Streamflow data were collected from the Ministry of Water, Irrigation, and Energy (MoWIE) of Ethiopia for the Tore gauging station located near the Tore town. The daily streamflow data cover the period from 1990 to 2019. The streamflow data were used to validate the flow simulation of the WetSpass model, which comprises both surface runoff and groundwater recharge. In addition, the baseflow estimates and results of various previous regional and fragmented studies were used as a supplementary confirmation approach for validation of the total simulated flow [
35,
36,
37]. The basic assumption of this validation exercise is that the stream baseflow is equivalent to the groundwater discharge in that watershed, which implies that groundwater discharge to rivers is equivalent to groundwater recharge [
36]. The BFI+3 baseflow separation program was used to separate the gauging river flow records into the surface runoff and baseflow components. Using a numerical digital filter, the BFI+3 tool can partition the rainfall-runoff discharge into its components; overland surface flow and subsurface baseflow flow.
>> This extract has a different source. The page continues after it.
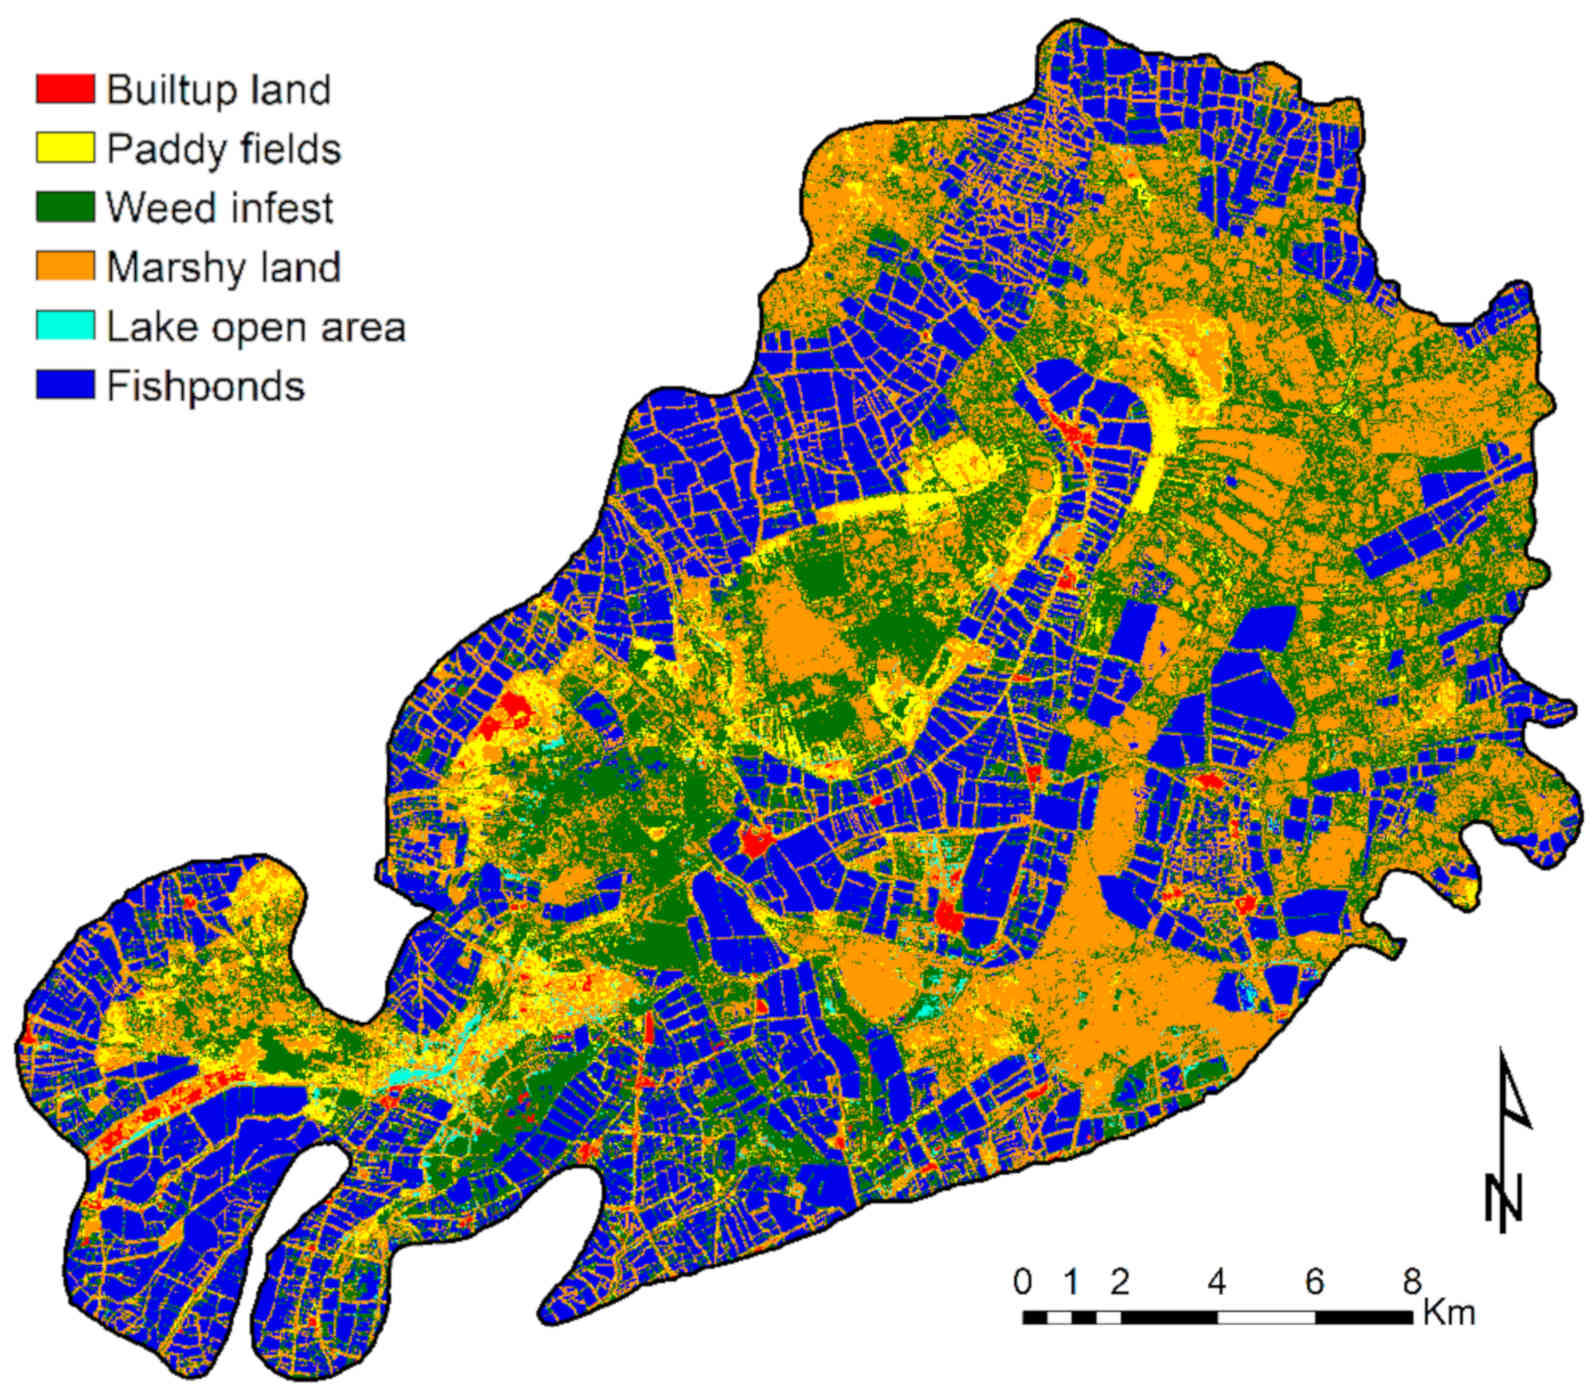 Land use map of Kolleru Lake in 2018. While the lake was a sprawling body of water until the 1980s, geography researcher Meena Kumari Kolli says now open water is only seen during the monsoon season. Visual: Kolli et. al / Water, 2020

The groundwater level measurements were obtained from the South Region Water Works & Construction Enterprise (SWWCE). The monthly groundwater level data for the wells in
Figure 4d span from 2017 to 2018. The groundwater level at the wells in the watershed is interpolated to produce a grid input map for the WetSpass model (
Figure 4d).
Table 2.
Lookup parameters for summer land use land cover.
Table 2.
Lookup parameters for summer land use land cover.
No | Land Use Type | Runoff Vegetation | Runoff Class | Impervious Runoff Class | Vegetated Area | Bare Area | Impervious Area | Open Water Area | Root Depth | LAI | Min Stomatal Open | Interception Percentage | Vegetation Height |
---|
21 | Agriculture | Crop | 1 | 0 | 0.8 | 0.2 | 0 | 0 | 0.4 | 4 | 180 | 15 | 0.6 |
7 | Bare land | Bare soil | 4 | 0 | 0 | 1 | 0 | 0 | 0.05 | 0 | 110 | 0 | 0.01 |
33 | Forest | Forest | 3 | 0 | 1 | 0 | 0 | 0 | 2 | 5 | 375 | 35 | 16 |
23 | Grassland | Grass | 2 | 0 | 1 | 0 | 0 | 0 | 0.3 | 2 | 100 | 10 | 0.2 |
2 | Built-up | Grass | 2 | 1 | 0.2 | 0 | 0.8 | 0 | 0.3 | 2 | 100 | 10 | 0.12 |
36 | Shrub land | Grass | 2 | 0 | 1 | 0 | 0 | 0 | 0.6 | 0.6 | 110 | 15 | 2 |
Table 3.
Lookup parameters for winter land use land cover.
Table 3.
Lookup parameters for winter land use land cover.
No | Land Use Type | Runoff Vegetation | Runoff Class | Impervious Runoff Class | Vegetated Area | Bare Area | Impervious Area | Open Water Area | Root Depth | LAI | Min Stomatal Open | Interception Percentage | Vegetation Height |
---|
21 | Agriculture | Crop | 1 | 0 | 0 | 1 | 0 | 0 | 0.35 | 0 | 180 | 0 | 0.6 |
7 | Bare land | Bare soil | 4 | 0 | 0 | 1 | 0 | 0 | 0.05 | 0 | 110 | 0 | 0.01 |
33 | Forest | Forest | 3 | 0 | 0.5 | 0.5 | 0 | 0 | 2 | 4.5 | 500 | 38 | 15 |
23 | Grassland | Grass | 2 | 0 | 1 | 0 | 0 | 0 | 0.3 | 2 | 100 | 10 | 0.2 |
1 | Built-up | Grass | 2 | 1 | 0.2 | 0 | 0.8 | 0 | 0.3 | 2 | 100 | 10 | 0.12 |
36 | Shrub land | Grass | 2 | 0 | 0.2 | 0.8 | 0 | 0 | 0.6 | 0 | 110 | 5 | 2 |
Where LAI is Leaf Area Index.
Table 4.
Soil parameter attribute table.
Table 4.
Soil parameter attribute table.
Soil Type Number | Soil Texture | Field Capacity | Wilting Point | PWA | Residual Water Content | AI | Bare Soil ET | Tension Saturated Height | Pf_Sum | Pf_Win |
---|
12 | Clay | 0.46 | 0.33 | 0.13 | 0.09 | 0.21 | 0.05 | 0.37 | 0.95 | 0.85 |
5 | Loam | 0.25 | 0.12 | 0.13 | 0.027 | 0.37 | 0.05 | 0.11 | 0.15 | 0.02 |
2 | Loamy sand | 0.15 | 0.07 | 0.08 | 0.035 | 0.47 | 0.05 | 0.09 | 0.09 | 0.01 |
3 | Sandy loam | 0.21 | 0.09 | 0.12 | 0.041 | 0.44 | 0.05 | 0.15 | 0.09 | 0.01 |
Where PAW is plant available water content; AI is the calibration parameter dependent on the sand content of the soil; Pf_Sum is the fraction of summer precipitation contributing to Hortonian runoff; and Pf_Win is the fraction of winter precipitation contributing to Hortonian runoff.